There are also little yellow buoys with solar panels out there used by the GLO and TAMU to track currents and winds in case of a big oil spill. Same deal. Keep off 'em, OK? They are fun to chunk if they're holding Mahi or blue runners but you don't need to be acting like no fool and hooking up to 'em.

Thanks in advance!
sammie


----------



## otte (Apr 3, 2005)

When I saw the boat in the picture I thought it sure looks like the same boat that pushed MakoT off his spot at German Charlies a couple of weeks ago. Scrolling through to say that in a post I saw Hotrod's post. After reading how this guy came up on Hotrod I am fairly certain it is the same guy because the boat that did this to MakoT acted in the very same manner. I sure would like to get a TX number if somebody got it. I would like to have a friendly conversation with the captain as I am sure MakoT would like to do the same.


----------



## Bird (May 10, 2005)

It's stupid people like that, that give reason to the politicians and 'do gooders' to push for boater's licenses. The regs are free at anywhere you can buy a license and they are also online. Of course that is assuming that they can actually read and since its posted on the buoy not to tie off to this buoy, one must wonder about that as well.


----------



## Hotrod (Oct 11, 2006)

Hey Otte, I mean they came in fast with fishing rods in hands with fingers on the release lever, no ship! Maybe a boat lenght or two away. They were just starring at us waiting for us to drop when we did, well we were 300ft off the spot fixing to move back, so we just left.


----------



## Texas Jeweler (Nov 6, 2007)

Tieing up to these can lead to many legal problems, so best advice is do not do it. From the height of the tie on point, looks as if they even had to board the bouy to do so...not good.


----------



## ssteel069 (Mar 7, 2009)

Hotrod said:


> Thats what I figured. We were in that area that day fishing a rock pile. When they zoomed in right besides us. I recognized the boat. They couldnt find the spot cause we had drifted off of it already. It was a non published spot, but there was a shrimp boat less than a mile away, thats where they came from.

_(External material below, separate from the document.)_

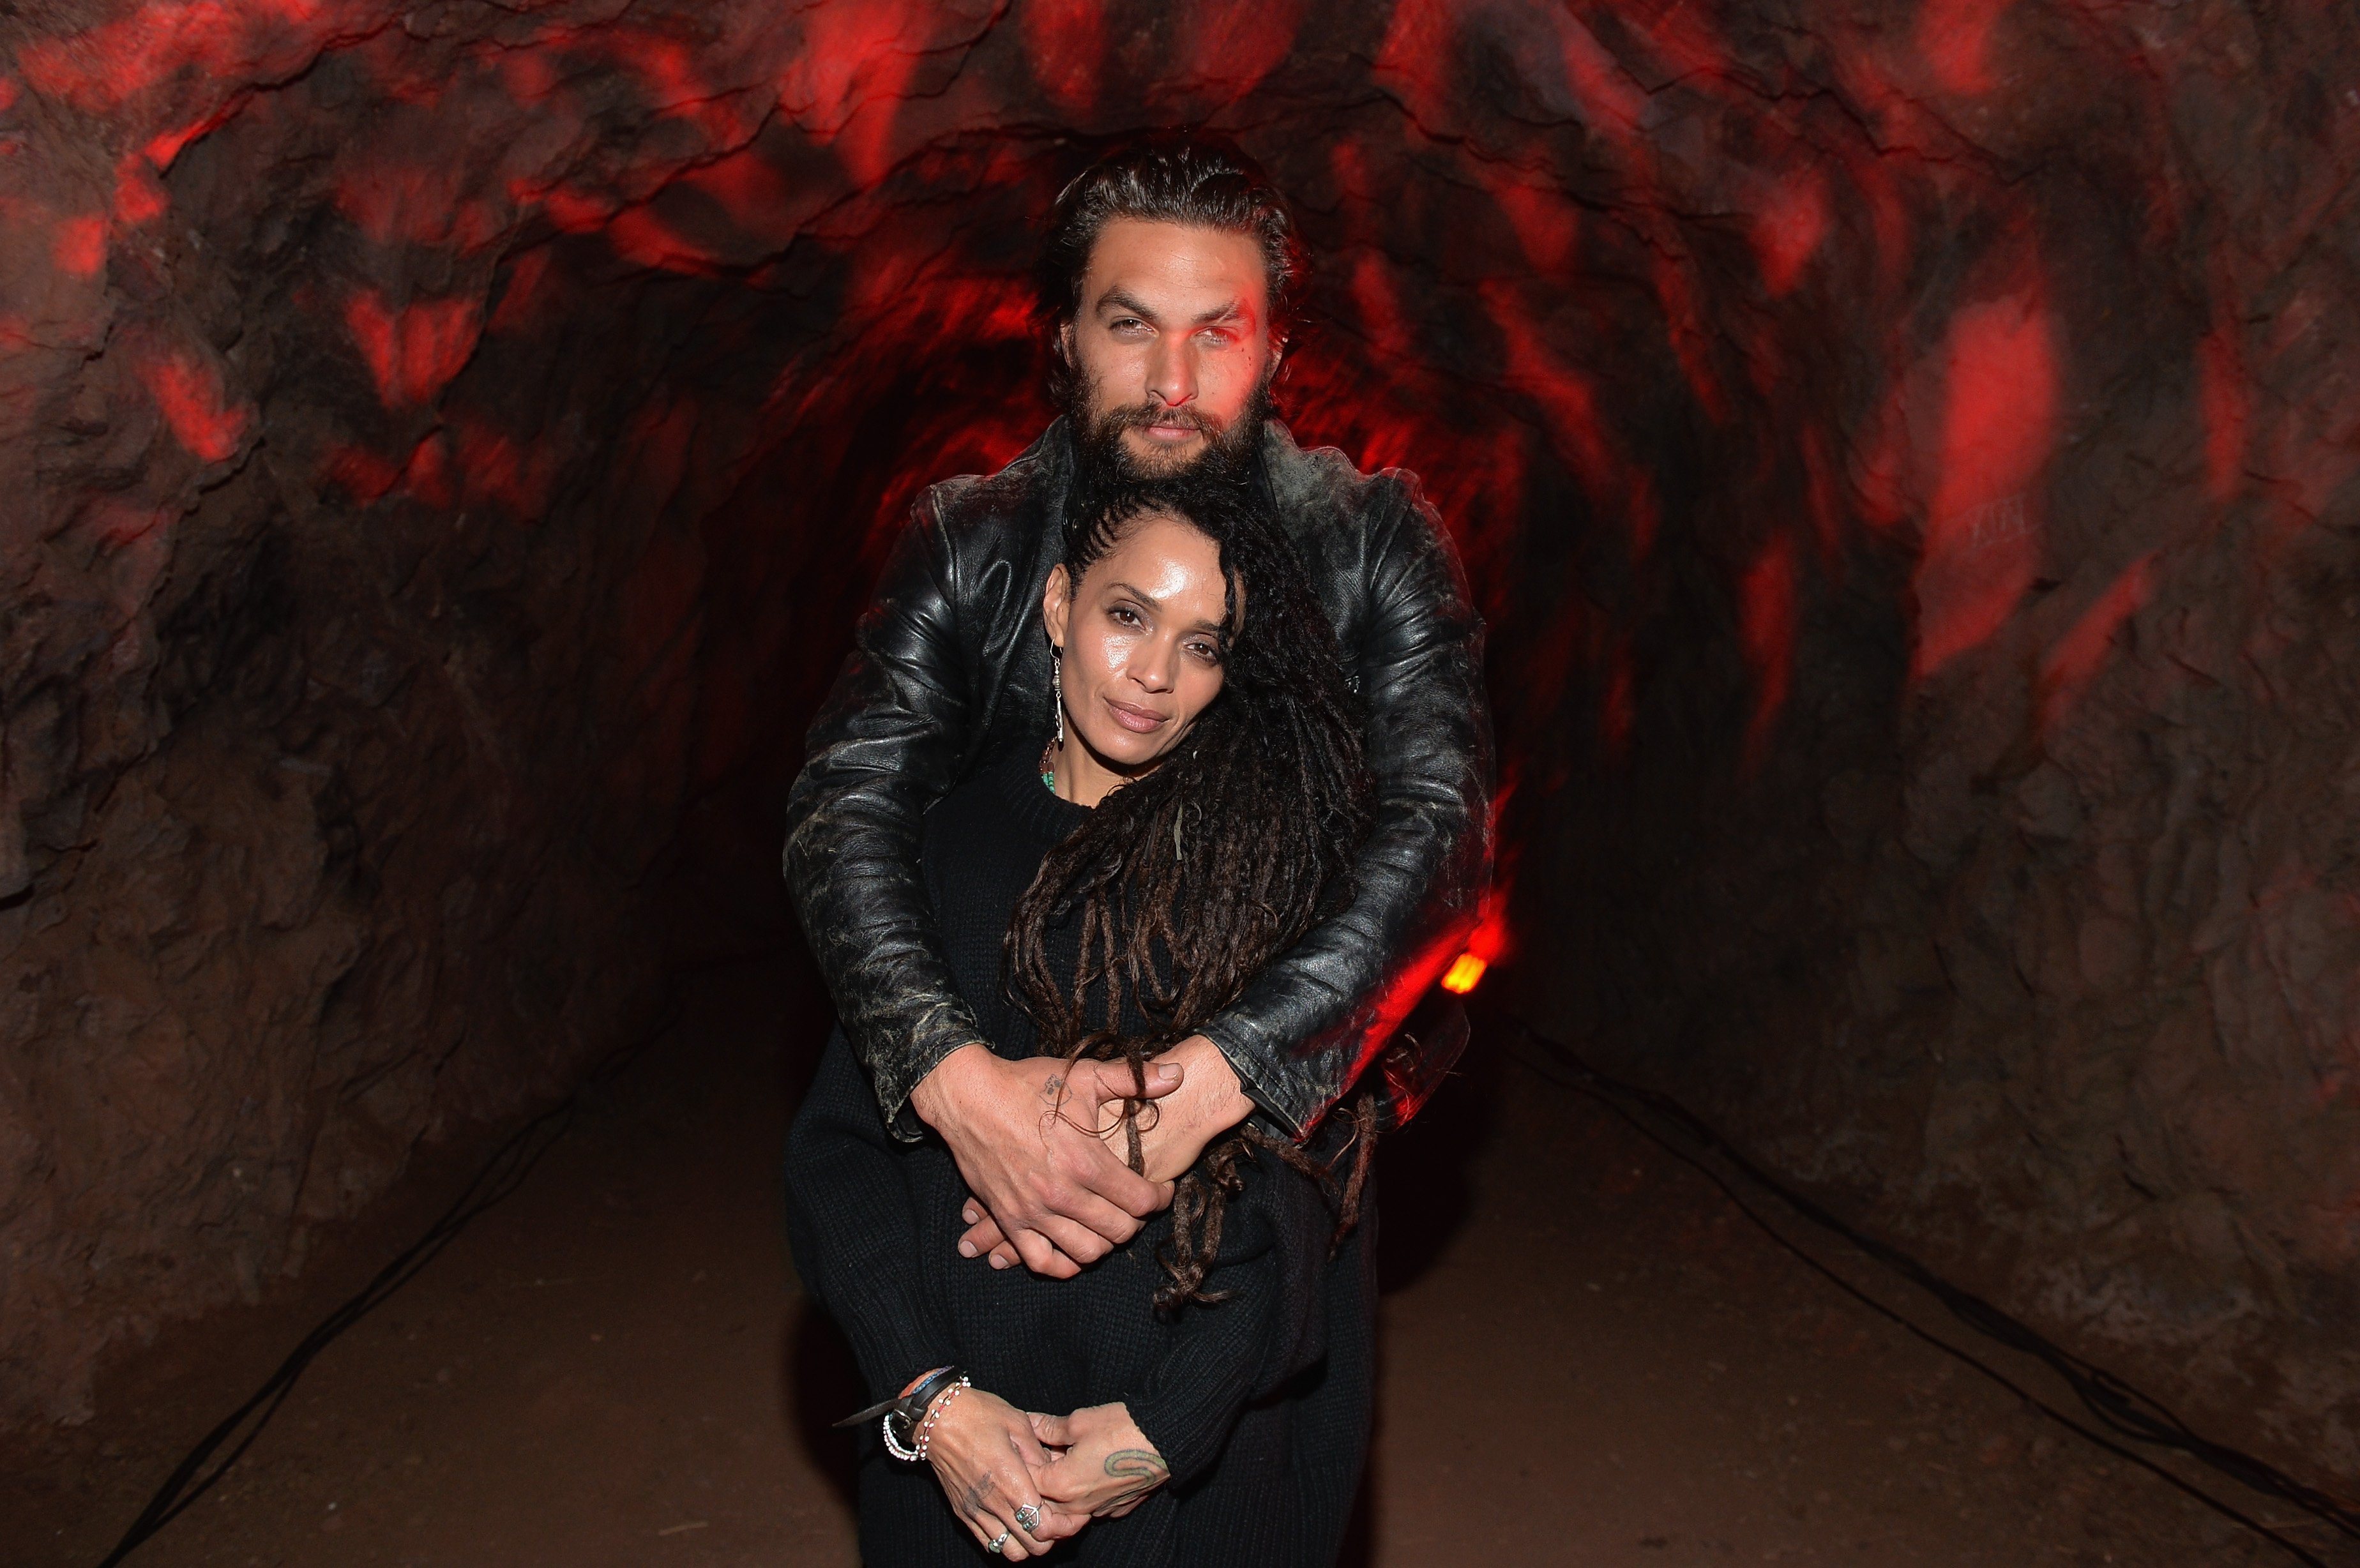 Lisa Bonet and Jason Momoa attend a screening of "The Red Road" at The Bronson Caves at Griffith Park on February 24, 2014 in Los Angeles, California. / Source: Getty Images

I rember those potlickers!! LOL! They couldn't find our spot!!:rotfl:


----------



## Hotrod (Oct 11, 2006)

ssteel069 said:


> I rember those potlickers!! LOL! They couldn't find our spot!!:rotfl:


Remember that Grady, lol? They zoomed in right beside us. Like they came in on plane. See Steven remembers them


----------



## Eastern Tackle (Oct 28, 2008)

Hotrod said:


> They were just starring at us waiting for us to drop when we did, well we were 300ft off the spot fixing to move back, so we just left.


Those are some common potlickers right there.

I'm pretty low key most of the time, but that would set me off.


----------



## otte (Apr 3, 2005)

HotRod, I am certain it is the same guy. He came up on MakT at German Charlies a couple weeks ago and threw a buoy out to mark the spot, then he manuvered the boat to stay the spot. But like he did with you, he did not get right on the spot so he caught NADA. I don't know about these types, they seem to have to money to buy a nice boat but they don't have the putty for brains.


----------



## El Capitan de No Fish (Sep 20, 2007)

Hotrod said:


> Hey Otte, I mean they came in fast with fishing rods in hands with fingers on the release lever, no ship! Maybe a boat lenght or two away. They were just starring at us waiting for us to drop when we did, well we were 300ft off the spot fixing to move back, so we just left.


They sound like some real pros.


----------



## Hook 'Em!!! (Jun 2, 2009)

Well, if NOAA didn't want people to tie up to their buoy, why did they put all those handy metal poles all over the place?

He's probably one of "those" that throws his empty beer cans over the side. Man, I hate that....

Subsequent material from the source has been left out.